Tomorrow: The Machair of Toe Head and Ceapabhal Hill.

Related posts:

  1. The Happening vs. The Walking Dead I miss The Walking Dead. Weird, huh? I know, zombies...
  2. I view Memorial Day as kind of like the Mexican Day of the Dead. It’s a day for reflection, introspection, gratitude and maybe visiting...

Related posts brought to you by Yet Another Related Posts Plugin.

This entry was posted in nature, Slightly Off Topic, Travel and tagged , , , , . Bookmark the permalink.

8 Responses to The Dead Marshes

  1. amber skyze says:

    Geez, Graham is quite an ass. Someone like that can ruin an amazing adventure.

  2. Penelope says:

    Oh, Julia!!!!!! Get out!!! Why didn’t you push Graham’s body into the rusty refrigerator and leave him there?

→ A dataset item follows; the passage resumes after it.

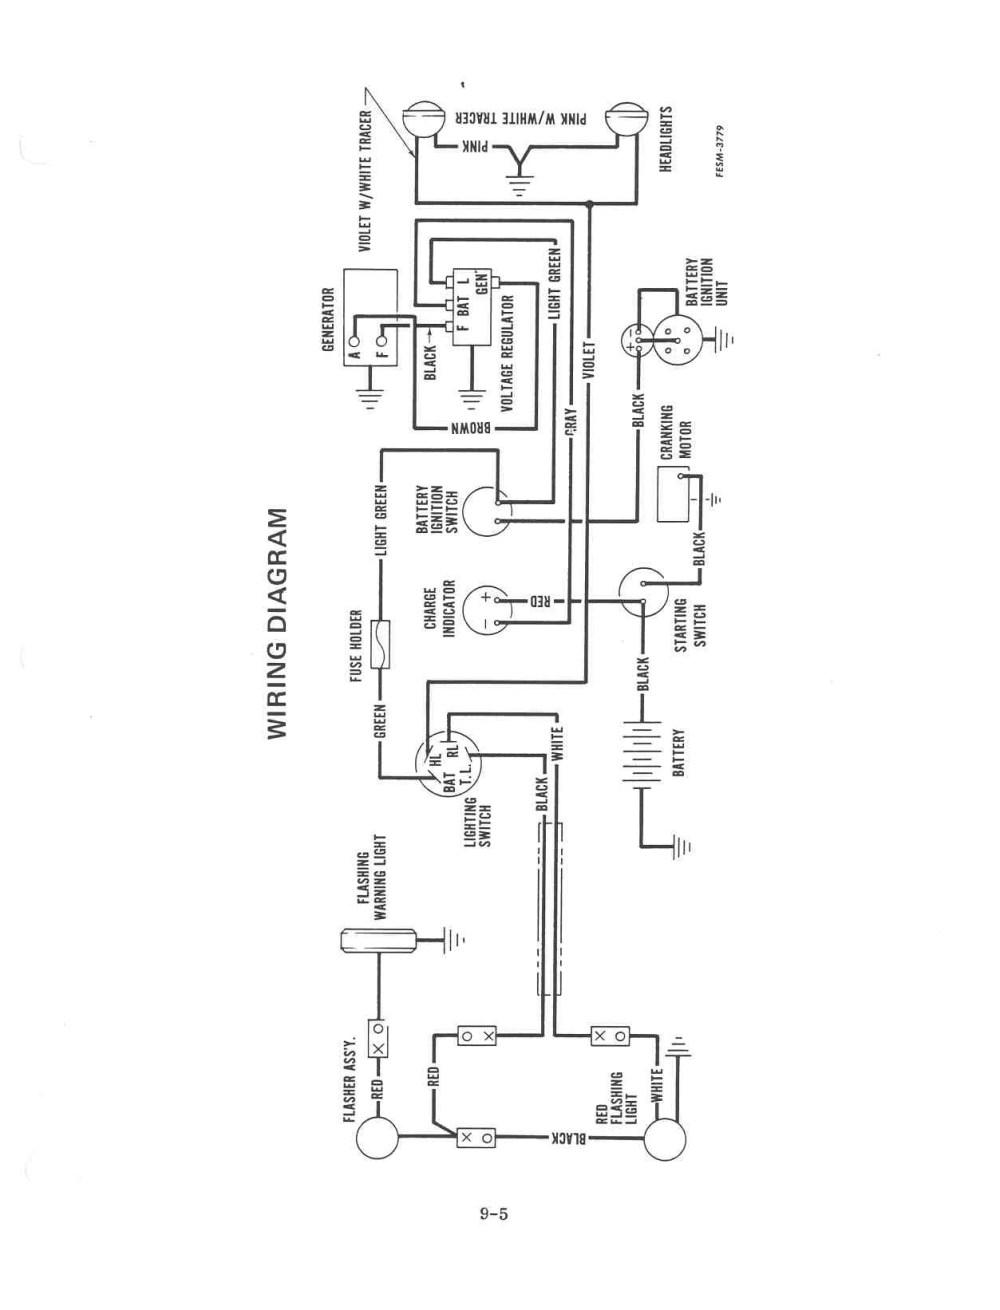 medium resolution of farmall 400 wiring diagram switch data schema u2022 kenworth wiring harness diagram farmall wiring harness

    *munching popcorn, waiting for next installment*

  3. Oh Penny, I thought about shoving him into the damn rusted out car. I get what he was trying to say and I do have a rudimentary understanding of currents and tides up there, but man…all that stuff was from Indonesia and China, and probably local kids, just like teens dump stuff on the side of the road here.

  4. Amber, he gets even better…just wait.

  5. Stephanie says:

    I had vegetarian haggis in Glasgow. It was overly clove-spiced for me. At the time we were vegetarians and while Don was on business I was visiting Buddhist friends. Glasgow was a lovely city with cool architectural museums. I fell in Love with Charles Renie MacIntosh. Ciao Bella, Steph

  6. Sandra Cox says:

    Ooh, the evening sunset sounds much better than peat bogs:)

  7. Sandra, the peat bog was very interesting, at least! The sunset was gorgeous.

  8. Yeah, I’ve heard about vegan haggis, Steph, and I don’t see the point!